It can be selectively set by appropriately adjusting a pressure means, for example, by adjusting the pressure when inserting between a pair of heating rollers.

Then, a part of the recording layer of the initialized thermal recording medium is heated by a thermal printing means such as a thermal printer to an appropriate recording set temperature higher than the glass transition temperature (Tg) so as to be in a transparent or cloudy liquid crystal state. Further, this is cooled to a temperature below the glass transition temperature (Tg) to immobilize the polymer liquid crystal in the heated region, and differentiated from the base region which is the unheated region to form a recorded image. In this case, whether the polymer liquid crystal in the heated region is in a transparent or cloudy liquid crystal state is arbitrarily set within a range that can be differentiated from the liquid crystal state in the base region which is the non-heated region. Incidentally, the method of selectively setting the polymer liquid crystal at the heated portion to a transparent or cloudy liquid crystal state is the same as in the case of the above-mentioned initialization processing, and is arbitrarily set by the recording set temperature and the set pressure when pressurizing the recording layer. it can.
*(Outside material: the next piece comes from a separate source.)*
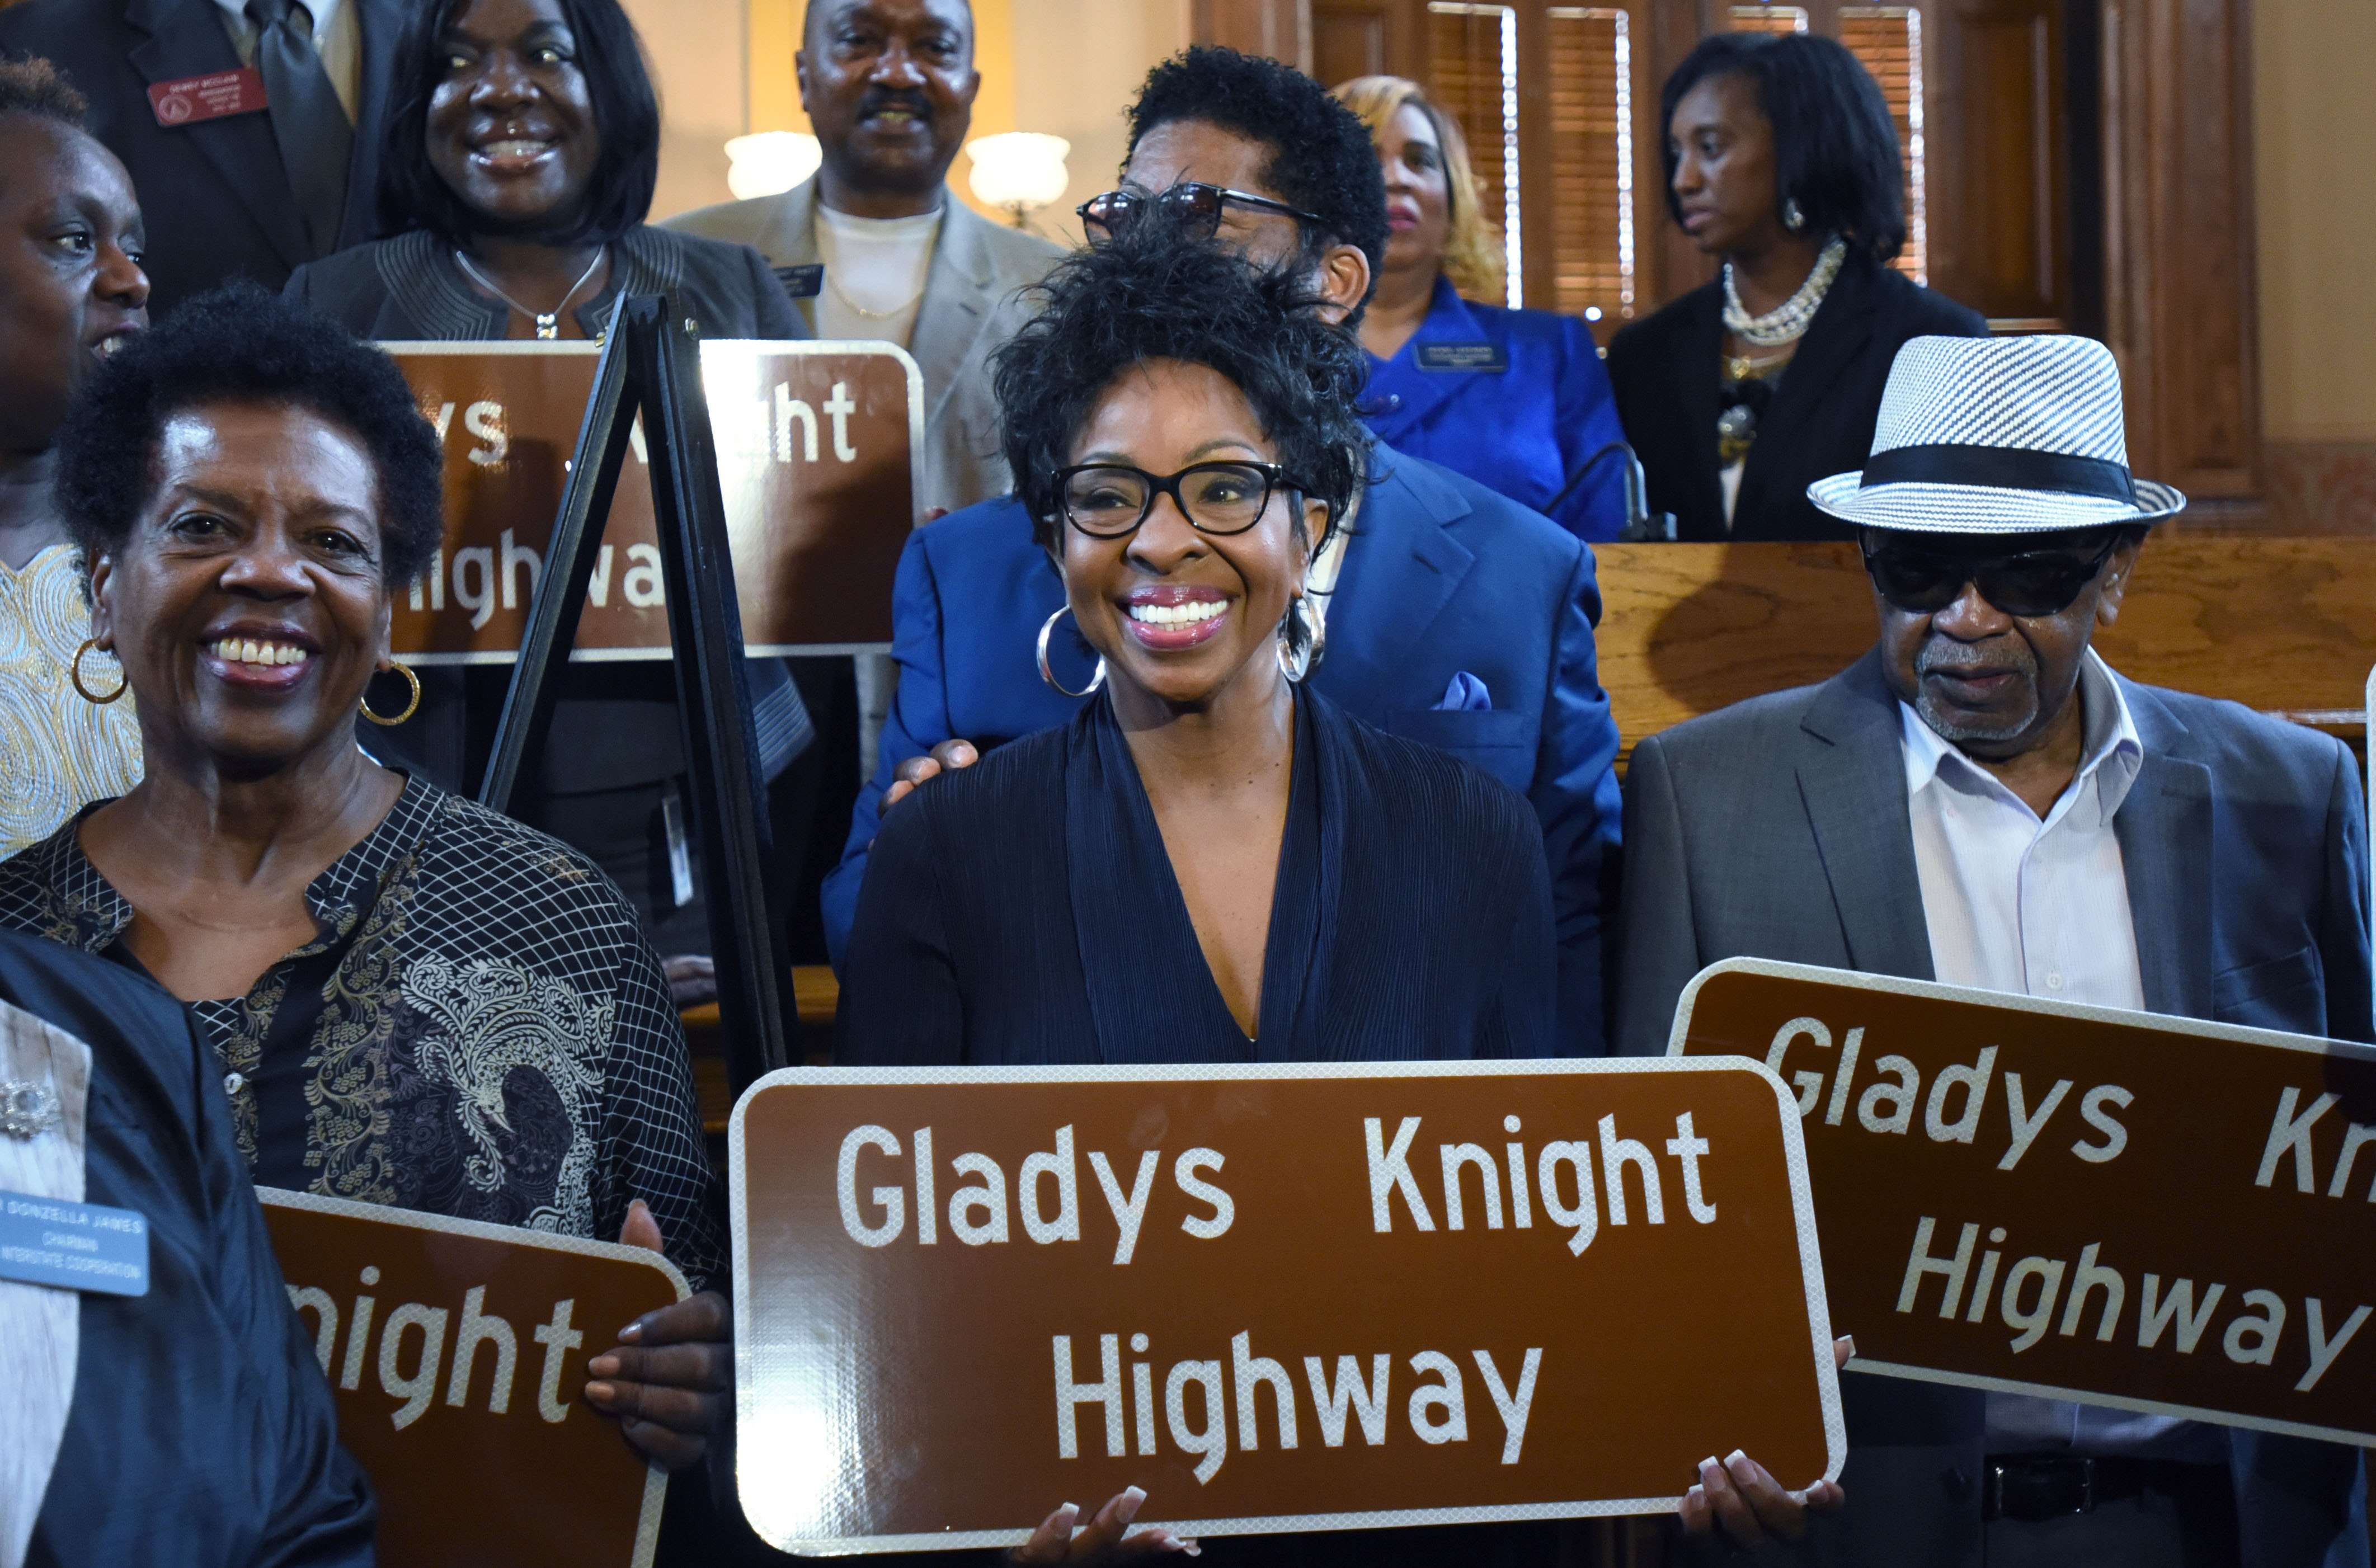 Gladys Knight Highway: Georgia honored the Empress of Soul with road in her  name.

On the other hand, in order to erase this recorded image, first the entire recording layer on which this recorded image is formed is heated again to the isotropic phase transition temperature (Tcl) or higher to bring it into a transparent state. It is processed and used for writing again.

(2) When the polymer liquid crystal has selective reflection ability When the above-mentioned polymer liquid crystal has a chiral component, the polymer liquid crystal comes to have selective reflection ability and can form recorded images of various hues. Have advantages.

First, the entire recording layer containing the above-mentioned polymer liquid crystal is once heated to an isotropic phase transition temperature (Tcl) or higher to make it transparent so that history information is erased and the glass transition temperature (T
g) It is cooled below to fix the polymer liquid crystal in a substantially transparent liquid crystal state.

Next, the entire recording layer is heated to a color-developing temperature not lower than the isotropic phase transition temperature (Tcl) and not lower than the glass transition temperature (Tg) to be an appropriate color liquid crystal state. When cooled below (Tg), the liquid crystal state can be fixed by performing the above-mentioned pressure treatment, and the base state of the specific color, that is, the initialization process is performed.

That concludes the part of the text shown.